Authored by Neil Gaiman; Published 1996; Fantasy
⭐️⭐️⭐️ / 🏖️🏖️🏖️
Neverwhere is a doorway to another world, but I’m not sure that it’s one I would like to revisit. Instead of a magically enchanting experience, it’s more of a grotesque and frightening one.
In Neverwhere, Richard is living an exceedingly ordinary existence, working in a London office and engaged to a woman he likes well enough. His life is going as planned until he stops to help an injured woman down on her luck, and he is unknowingly transported to London below, a magical parallel reality to the city he knows, with fantastical denizens. Suddenly, no one from his old life recognizes him, and, desperate to find his way back to normalcy, Richard seeks the assistance of the injured woman, Door, and is recruited to join her quest to discover who killed her family. Perhaps the same quest will provide him with his way home.

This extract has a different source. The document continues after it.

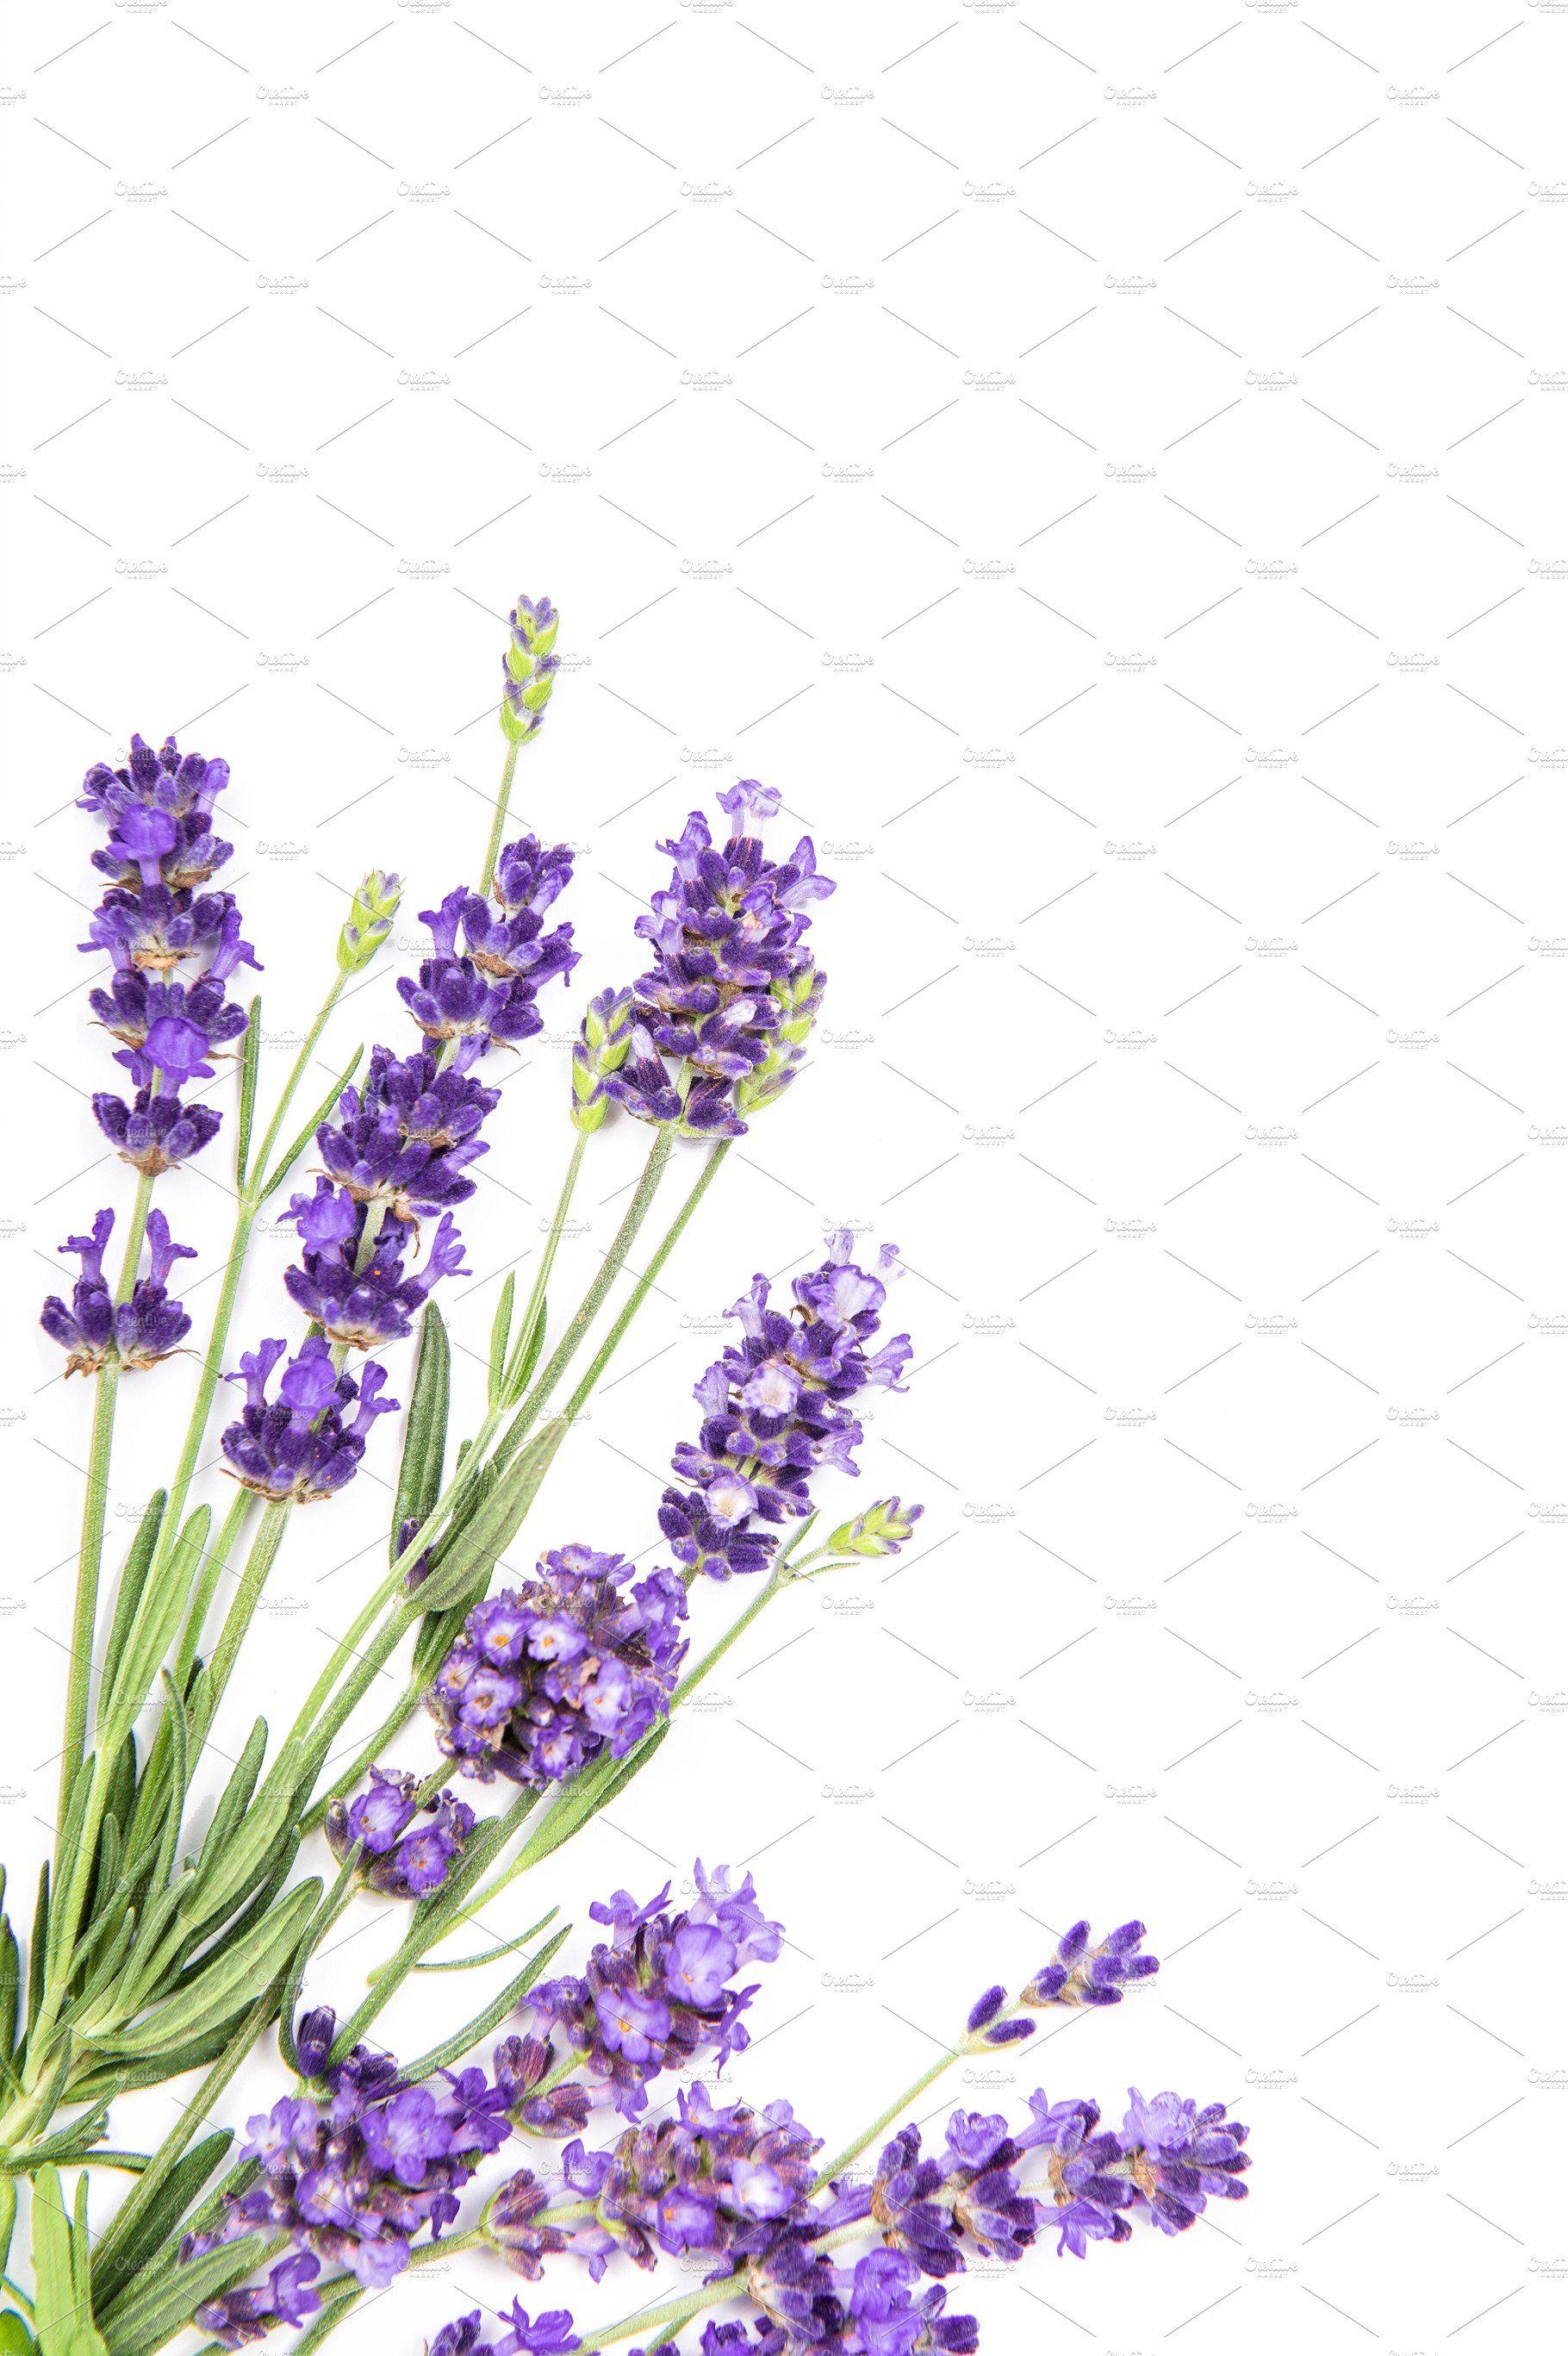 Lavender Flowers White Background In 2020 Lavender Flowers White Background Flower Wallpaper

It takes a real gift to maintain the grit and grime of a city and still make it magical. This seems to be what Gaiman accomplishes in London below, populated by rat speakers, slimy nobility, and other equally dangerous and/or bizarre residents. I found much of what is depicted in this world to be profoundly disturbing—the idea that this is what happens to people who slip through the cracks is so very pessimistic, and the way that Richard is treated by London above when he unknowingly crosses over to below is nightmarish. But even as it is disturbing, it is undoubtedly imaginative, and it paints an extremely rich picture of a new world. Do I want to spend time in that world? No. Not particularly.
The characters themselves are quirky and impossible to predict, which certainly keeps the story lively, as the plot is fairly simple. Except for Richard, who inexorably serves as a foil for the residents of London below, the team of heroes (“heroes” might be overstating it) is unique and fun to get to know. Door’s power of opening just about anything creates limitless opportunities; the Marquis de Carabas seems to have a strange version of immortality on lock; and Hunter… well, she is truly obsessed with finding and killing monsters. Attempting to describe this novel, I had to find synonym after synonym for “bizarre” and “unique” because it’s unlike any story I have read before.
Neverwhere *is* an escape. It just may not be a place you like to escape to.